LOVE, ACID AND PEANUTS
In his work, the Canadian choreographer Daniel Léveillé examines being alone and loneliness. Léveillé seeks the truth about loneliness and especially about how it is manifested in human relationships. In Amour, acide et noix four naked dancers are on the stage. The work has been stripped bare of all aesthetics and only essential movement remains. Almost in a classical manner, Léveillé’s work is based on duets, trios and quartets, in which the dancers touch, lift and carry each other. Even though it deals with desire and longing, the performance is completely stripped of seductiveness or need to please. For Léveillé, nudity is a costume, a deliberate means to expose the relationship between movement and the body also on an anatomical level.
SWEET
Sweet – An evening with Charlotte Engelkes is actors’ theatre.
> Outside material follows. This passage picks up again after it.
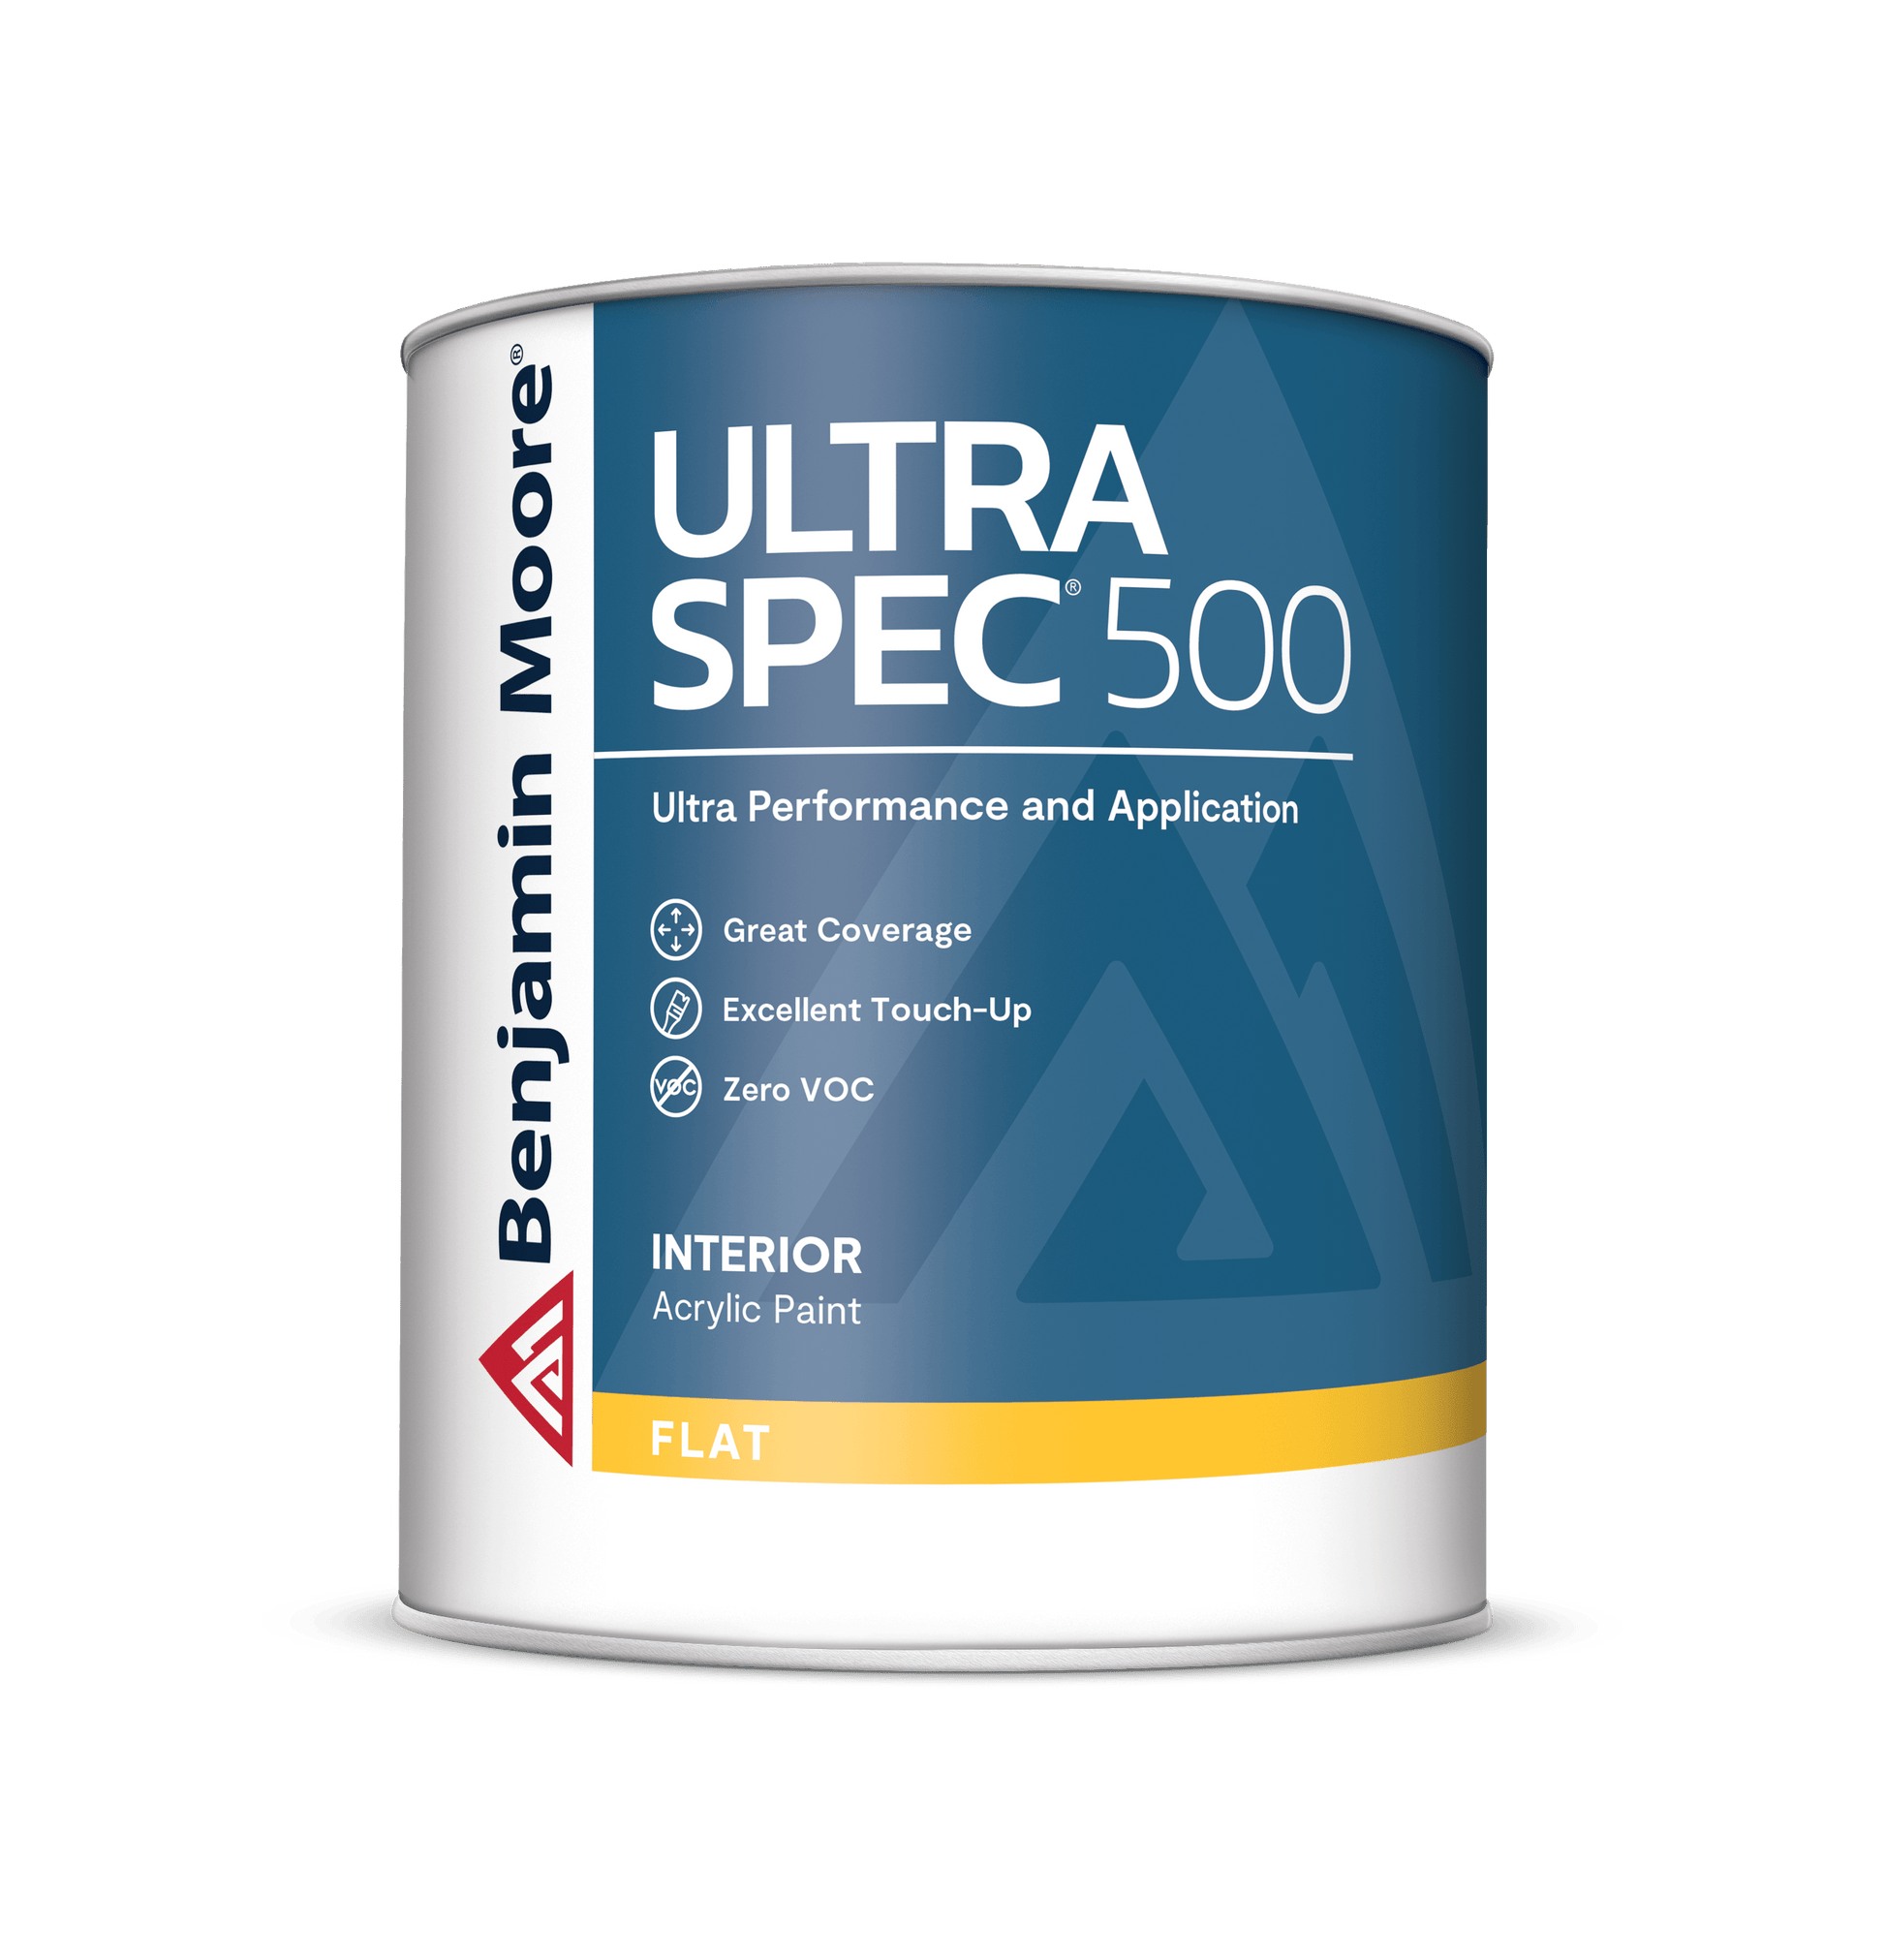 Benjamin Moore Ultra Spec 500 - Rossi Paint Stores - Flat - Quart

It is Charlotte Engelkes’s evening in many senses. It is a story of passion, fear of sugar, the past in the entertainment industry – and of doing good. In the role of a surprise performer, she often gets herself in embarrassing situations, such as hiding in a birthday cake and having to wait in the kitchen. The wife of a director suffers a lifelong trauma from the cake incident and starts a global campaign against the sugar conspiracy. Sweet is one woman’s cabaret act, in which a bystander, the wife of a director, takes centre stage.